Domicile enquiries
Due to the difference it can make, it’s vital that domicile is fully understood by those making a claim to be domiciled outside the UK and filing their UK tax returns on that basis. It is usually advantageous from a UK tax perspective and, as a result, HMRC is increasingly scrutinising the income and inheritance tax returns of those claiming a non-UK domicile. That’s particularly so for those who are resident in the UK for many years, or are of an age where it appears unlikely that they will ultimately return to another country.
This is also important in the context of other potential benefits introduced for some non-doms in the April 2017 legislation changes. These include rebasing and cleansing reliefs, as well as trust protections for those who settled trusts prior to becoming deemed UK domiciled.
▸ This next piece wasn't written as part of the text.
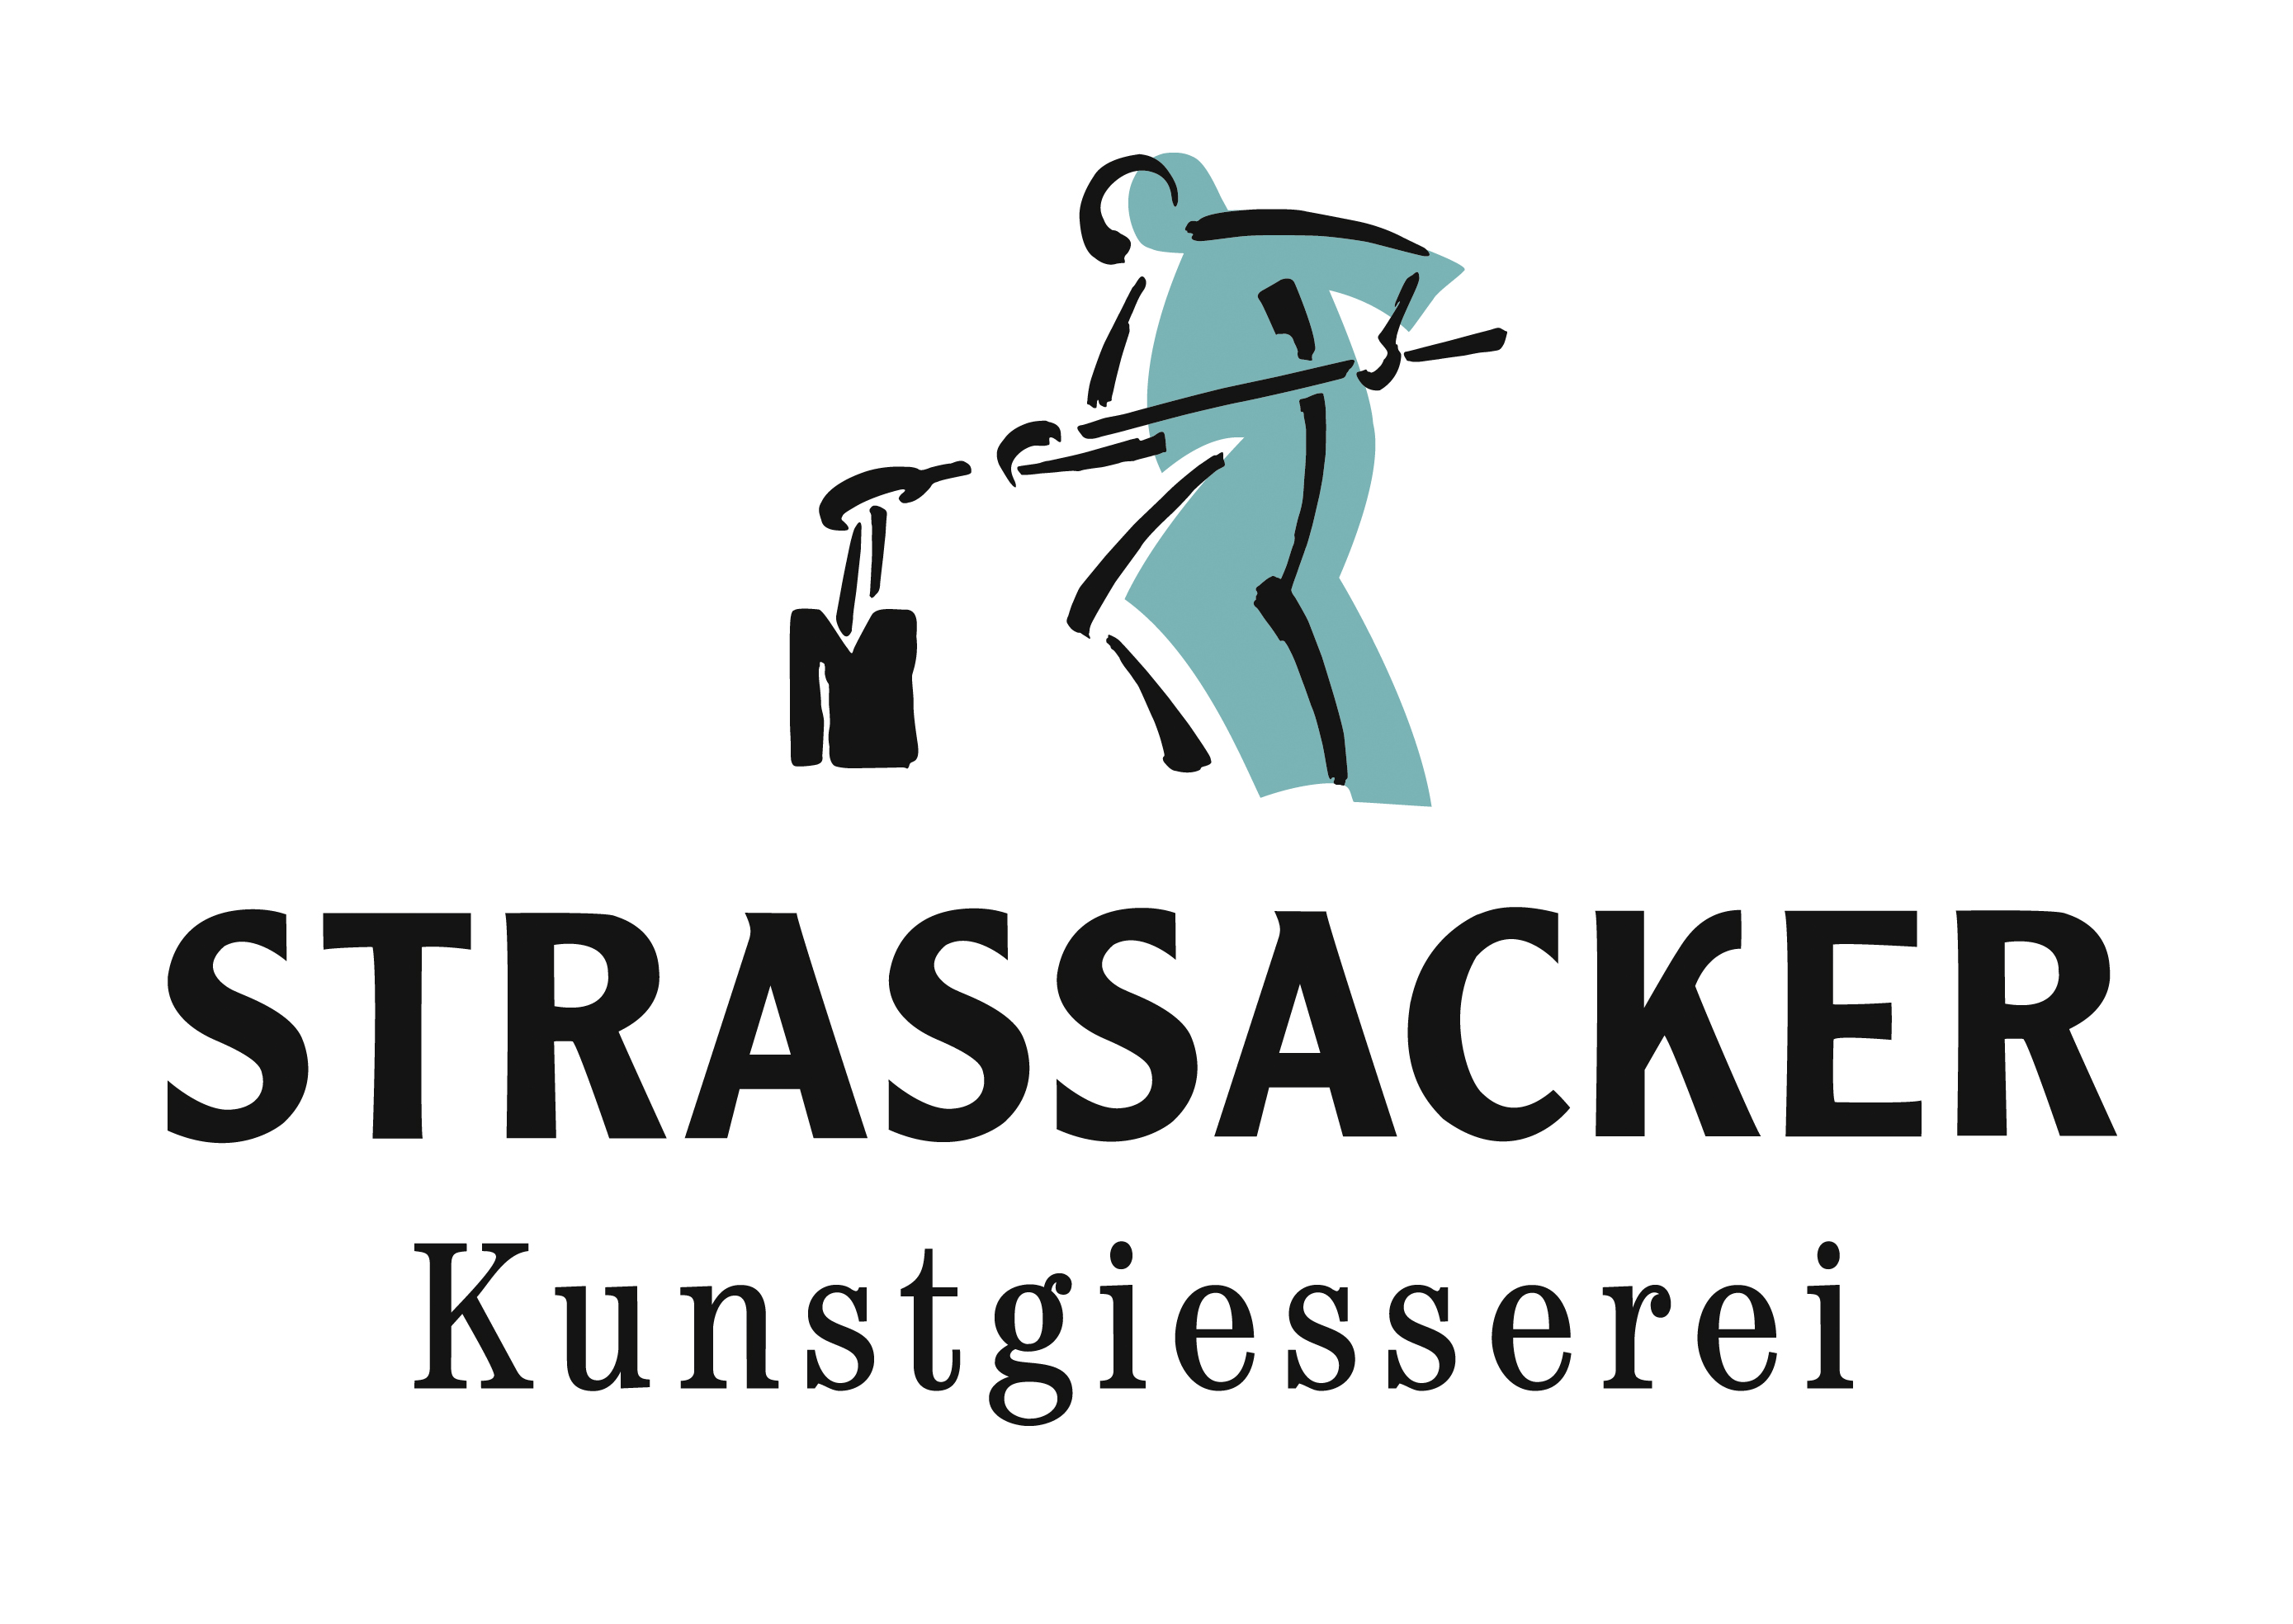 Strassacker Kunstgiesserei
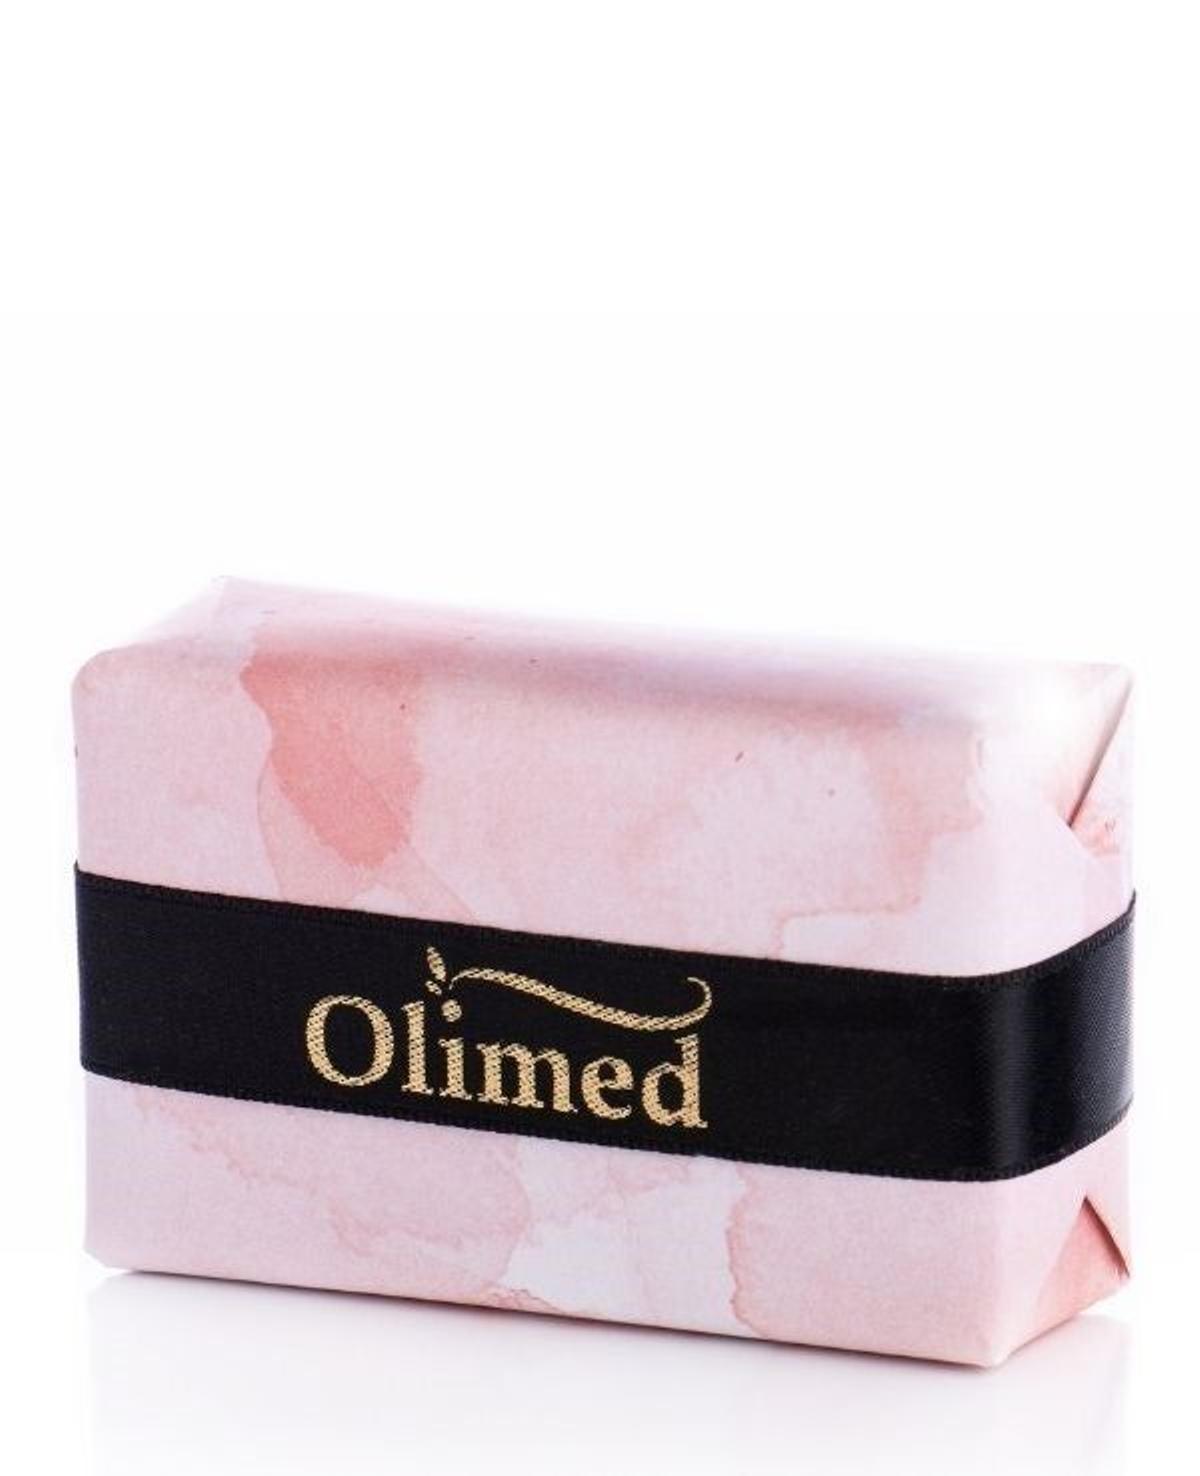 Jabón facial de Olimed (Precio: 7,50 euros)

These reliefs are potentially extremely valuable. The mixed fund cleansing opportunity ended in April 2019. In the case of rebasing, though, it may be many years before an asset is sold. At the sale date, the individual will need to continue to be non-UK domiciled under common law to benefit, however, a successful challenge by HMRC to the domicile of an individual who has claimed either mixed fund cleansing or rebasing will render these reliefs ineffective. The result can be a significant increase in the individual’s tax liability.
Trust protections can provide an ongoing benefit for many years, but again, there is reliance on the fact that a UK domicile of choice has not been acquired by the settlor. If HMRC asserts that a domicile of choice was obtained prior to setting up the trust, inheritance tax may be payable. Similarly, if at any time whilst the trust is in existence, the settlor loses their non-dom status, its protections (under the income and capital gains tax rules) are lost. The settlor may then be taxable on all income and gains arising at trust level.
Mitigating the risk
The burden of proof rests with HMRC if it doubts an individual’s non-dom claim, but domicile enquiries can be lengthy and intrusive. They can involve months or even years of correspondence with HMRC, with numerous questions into background, lifestyle and family and social connections, both from a historic perspective and to establish future intentions.
For those claiming non-dom status, acquiring and maintaining evidence of strong, ongoing links to the country of domicile is essential, and so is evidence of an intention to leave the UK at a future date. It may be worth considering having a domicile statement prepared to provide contemporaneous evidence supporting the claim.
Finally, domicile may also be challenged on death, potentially bringing a foreign estate within scope of UK inheritance tax. Again, evidence of the intentions of the individual to leave the UK, supported by the necessary planning to achieve this, will be required by family members, executors and other relevant contacts. This sort of challenge could delay the distribution of the estate.
Those claiming non-dom status should share any evidence of intentions with family members or others who may find themselves defending a domicile challenge. Provisions included in a will can also be taken into account by HMRC, so it is essential that the will is consistent with any claim to non-domicile status.